Favorite productivity tools: Since I switch so much between my phone and laptop, I look for apps/programs that easily sync between the two (and my iPad.) So some of the tools I use are: Fantastical for my calendar; Any.Do for my to-do list; Wunderlist to track story ideas; Notes for note-taking; LastPass for password management; DropBox and iCloud for cloud storage; Feedly for RSS notifications; Pocket for read-later articles; TweetBot to monitor Twitter; Pixifly and Gramfeed to monitor Instagram; is that enough?
Tip for keeping organized: In a perfect world, I would review my top-do lists and re-prioritize tasks at the start of every day — but it’s not a perfect world.
Favorite information site – other than lkldnow: I usually listen to the NPR One app a few times a day for latest news; I like the daily news summaries from The Skimm and NYT Now.
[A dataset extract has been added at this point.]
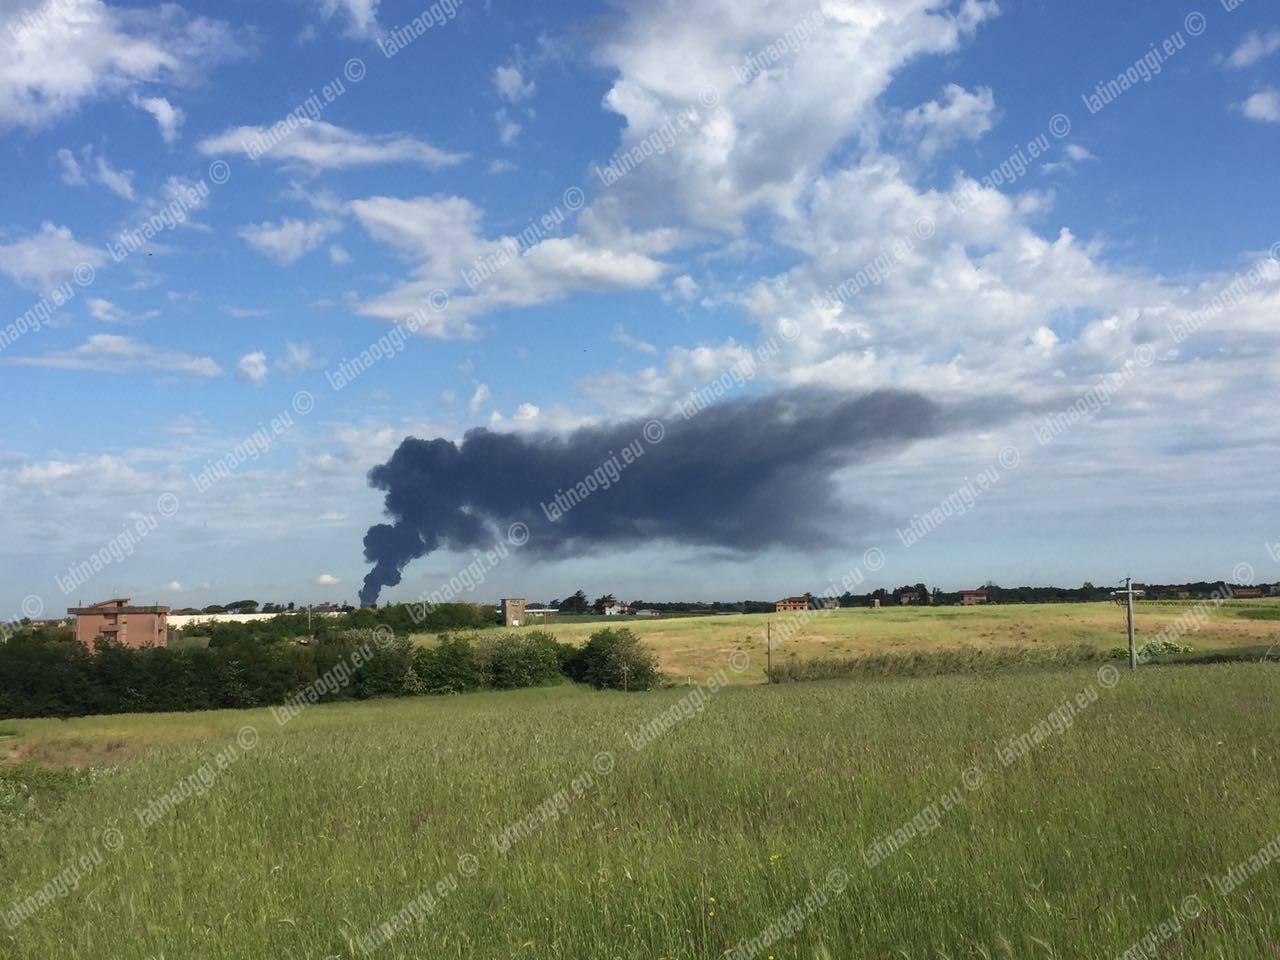 Roma: a fuoco deposito di rifiuti industriali, enorme nube nera

Sources for news about the media include daily and weekly newsletters from journalism organizations (API, Poynter, LION Publishers, to name a few) the On the Media podcast and tons of links I encounter on Twitter and Facebook.
What do you usually wear to work? It varies. Often sturdy hiking pants and a lkldnow logo shirt. Sometimes khakis and a dress shirt if I need to spiff up for a meeting.
How did you prepare for what you do? My whole career led to lkldnow. I studied journalism at the University of Florida and then spent 39 years in newsrooms. I was a reporter the first two years and spent the rest of my career as an editor who supervised others and curated the news for local audiences. I’ve been a journalist in Lakeland since 1982. I started a newspaper website in 1995 and grew it to a network of sites generating more than 12 million page views a month, all the while incorporating new story-telling platforms as they emerged.
What book, TV show, movie or music has captured your imagination lately? One of the things I love about Spotify is the ability to check out new music when it’s released or discover artists or albums I missed when they came out. One of my current favorites is an Americana group from Asheville, N.C., called the Honeycutters that my brother introduced me to.
What’s your favorite leisure activity? I like activities that let me view nature and explore new places: hiking, biking, kayaking, driving my Miata the top down.
Is there something you’re working on that makes Lakeland a more livable community? I’m glad you asked. The original reporting in lkldnow.com is focused on efforts to make Lakeland a more livable community. It’s really the filter we use to focus on what we’re going to cover and what we’ll leave to others.
What about Lakeland makes you excited? In the last few years, there’s emerged an energy and a can-do spirit focused on making Lakeland a cooler and better place. There are so many young people deciding to stay here and bringing with them an optimism and drive to excel. And there’s huge support for entrepreneurs through efforts like Catapult and a millennial generation that values small local businesses.
What about Lakeland has you worried? I am pro-growth, but I also support the notion that effective growth is planned. Like many, I welcome the city of Lakeland’s stated goal of becoming more customer-centric. But I sometimes wonder if some people hear the term customer-centric and think it means the emphasis on planned growth no longer applies.